We used region‐of‐interest approach to validate the above findings and further explore the between‐network interactions. The significant clusters obtained above were used as ROIs, and their mean time‐series were extracted. Functional connectivity among the ROIs was measured by Pearson's correlation coefficients (Fisher‐Z transformed). These functional connectivity metrics were compared between groups and correlated with clinical and cognitive measures.

RESULTS

Demographic, clinical, and cognitive characteristics

Demographic data did not differ in age, gender, or education years among AH−, AH+ patients and healthy participants. For clinical assessments, AH− and AH+ groups showed no significant difference in BPRS total score, score of positive symptoms of BPRS, and score of SANS. The HC group displayed significantly higher performance than both AH− and AH+ groups in all domains of MCCB except social cognition, which exhibited no group difference (see Table S1). The two patient groups displayed no significant difference in cognitive assessments. The demographic and clinical characteristics of participants enrolled in the final analysis are presented in Table 1.

Table 1

Demographic and clinical characteristics for schizophrenic subgroups and healthy controls

Characteristics	Schizophrenic subgroups		Healthy controls (N = 60)a	Group comparison F/t (p) value
	AH− patients (N = 33)a	AH+ patients (N = 26)a
Gender (male/female)	12/21	12/14	29/31	χ 2 (2) = 1.27 (.53)
Age (years)	24.67 (7.39)	27.08 (6.30)	25.03 (6.41)	F(2,116) = 1.11 (.33)
Education years	12.82 (2.83)	12.42 (2.97)	12.70 (2.82)	F(2,116) = 0.15 (.87)
Duration of untreated psychosis (weeks)	36.42 (41.96)	32.19 (33.18)	−	t(57) = 0.42 (.68)
Auditory hallucination rating scale	−	26.42 (6.70)	−	NA
Brief psychiatric rating scale
Total score	45.79 (8.38)	46.88 (8.33)	−	t(57) = −0.50 (.62)
Positive symptom score	14.94 (4.30)	16.12 (4.20)	−	t(57) = −1.05 (.30)
Scale for assessment of negative symptoms	21.97 (12.79)	17.54 (11.27)	−	t(57) = 1.39 (.17)

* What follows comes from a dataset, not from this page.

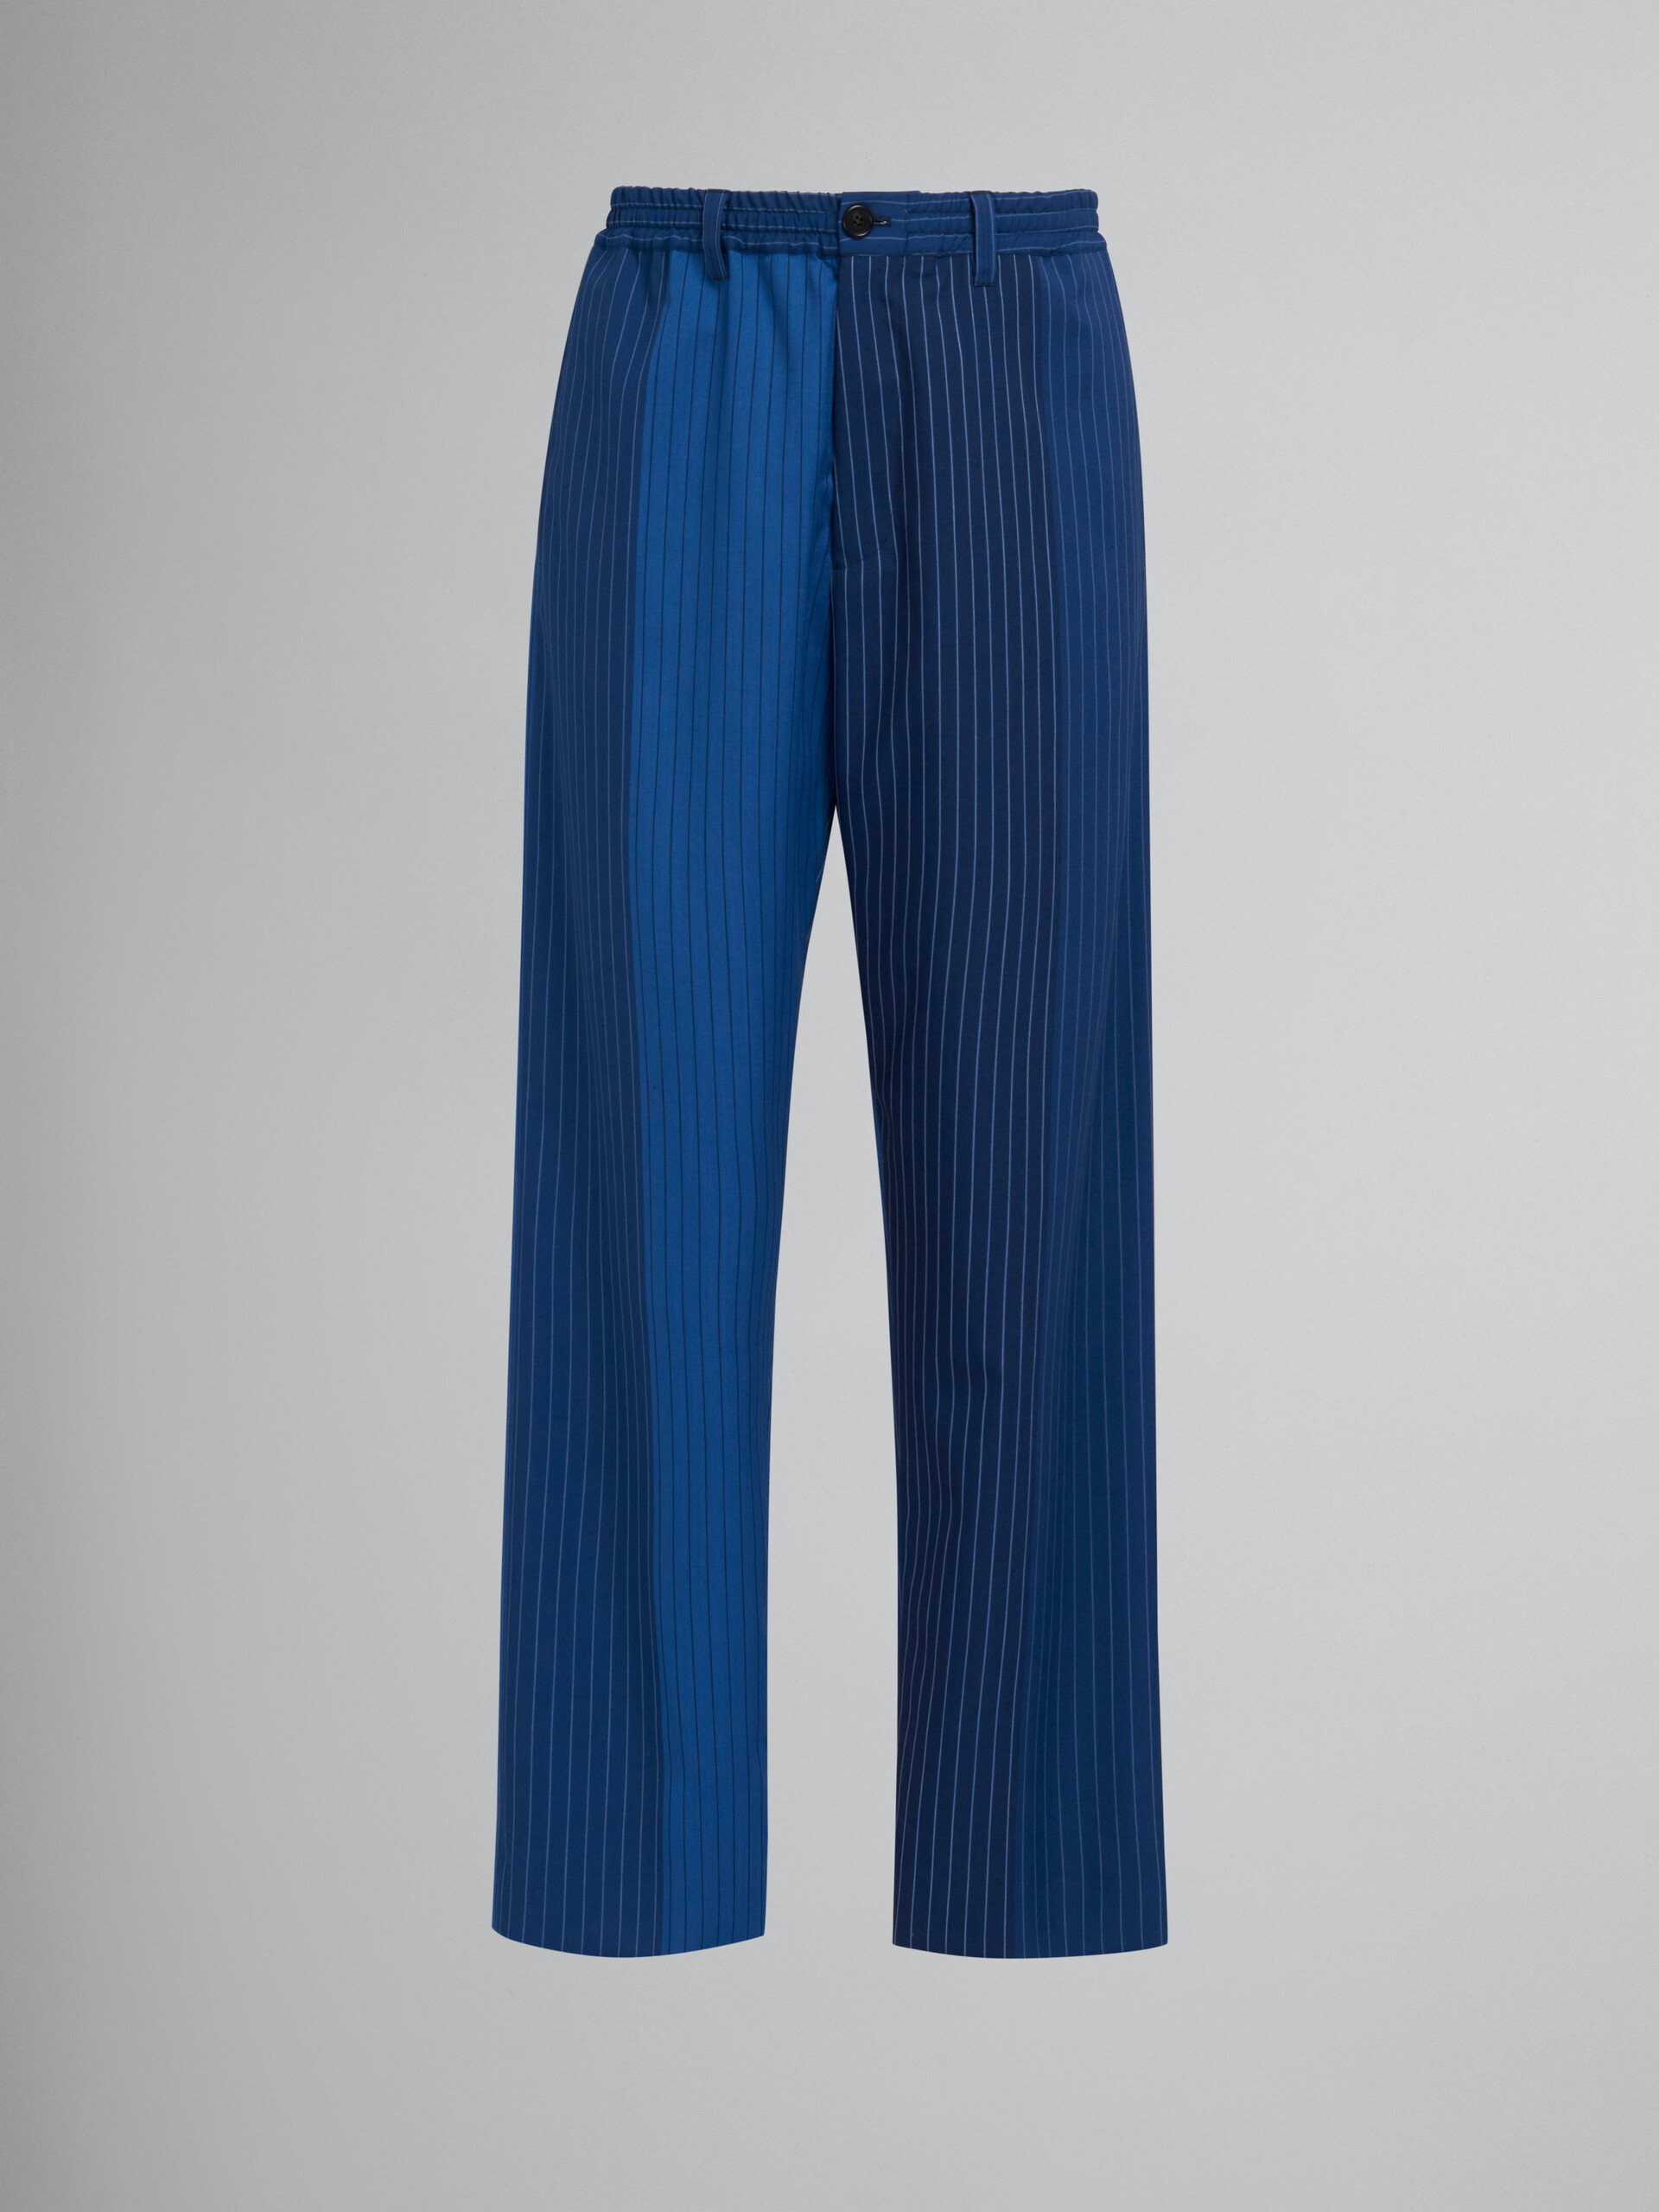 Pantalon de survêtement à fines rayures avec dégradé bleu - Pantalons - Image 1

Abbreviations: AH−， schizophrenic or schizophreniform patients without auditory hallucinations; AH+, schizophrenic or schizophreniform patients with auditory hallucinations.

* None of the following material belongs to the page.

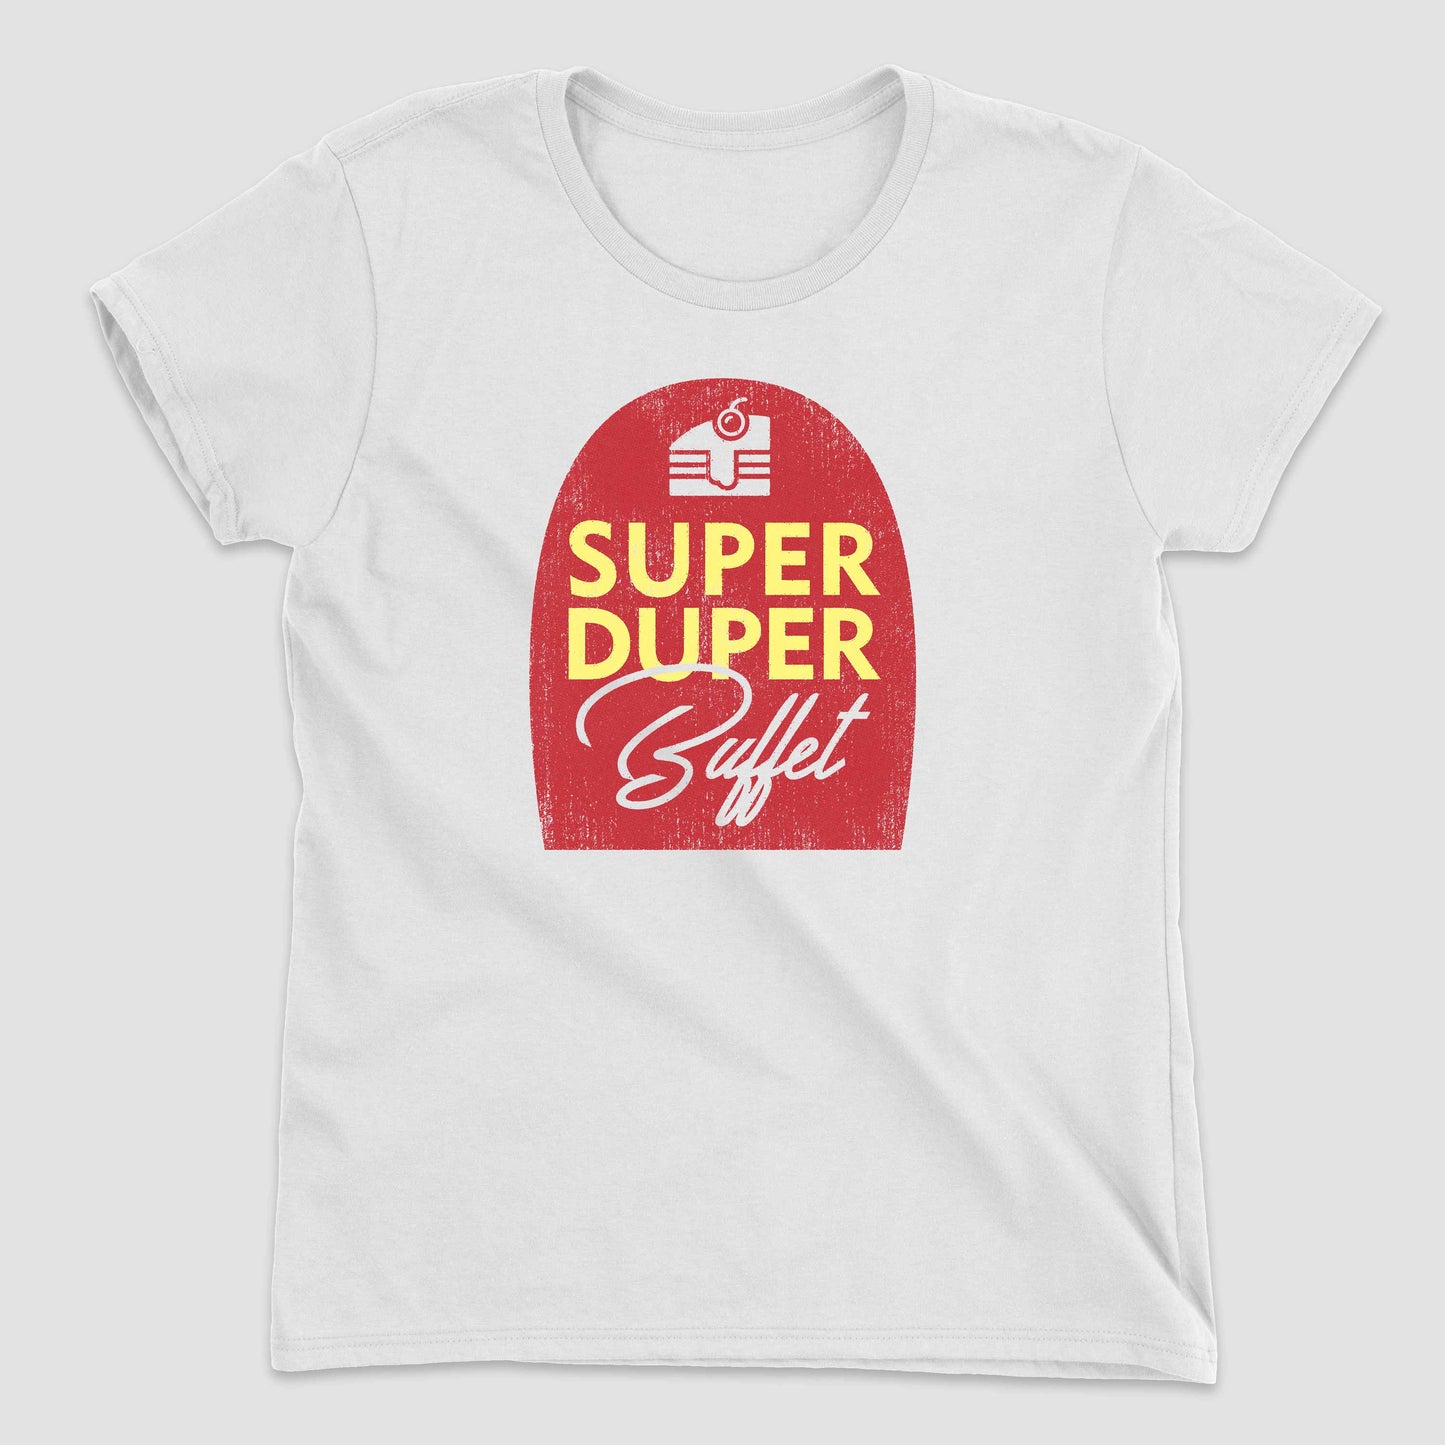 White Super Duper Buffet Women's T-Shirt by Snaxtime

Data are presented as mean (SD).

Network‐wise functional connectivity analysis

The group‐level component maps representing AN, DMN, and PMN are presented in Figure 1a. As expected and in general, the AN was composed of bilateral superior temporal gyrus, the DMN was composed of posterior cingulate/precuneus, medial prefrontal cortex, and bilateral inferior parietal lobules, and the PMN was composed of precuneus, middle/posterior cingulate, and inferior parietal lobules.

Figure 1

(a) The group‐level component maps representing auditory network (AN), default mode network (DMN), and parietal memory network (PMN). The component maps are converted into Z‐scores and thresholded at Z = 3 to reveal the core regions. In the last row, the DMN is placed above the PMN to show the adjacent but distinct patterns between the DMN and PMN. The brains are displayed in radiological orientation (i.e., left is right). (b) The group difference in the overall functional connectivity of AN, DMN, and PMN. Only PMN shows significant difference between AH+ and both the HC and AH− groups, while the DMN does not show significant difference across groups. Both AH− and AH+ show significant difference from HC in the overall functional connectivity of AN. AH, auditory hallucination; HC, healthy control

To validate our result that the PMN and DMN were separated networks in the ICA analysis, we utilized the data of HC group to calculate the voxel‐wise functional connectivity in DMN and PMN, and examined the averaged connectivity pattern of the two networks. As demonstrated in Figure S1, the core regions of PMN and DMN were spatially adjacent, but the average connectivity strength within PMN and within DMN was significantly higher than that between the two networks (p < .0001).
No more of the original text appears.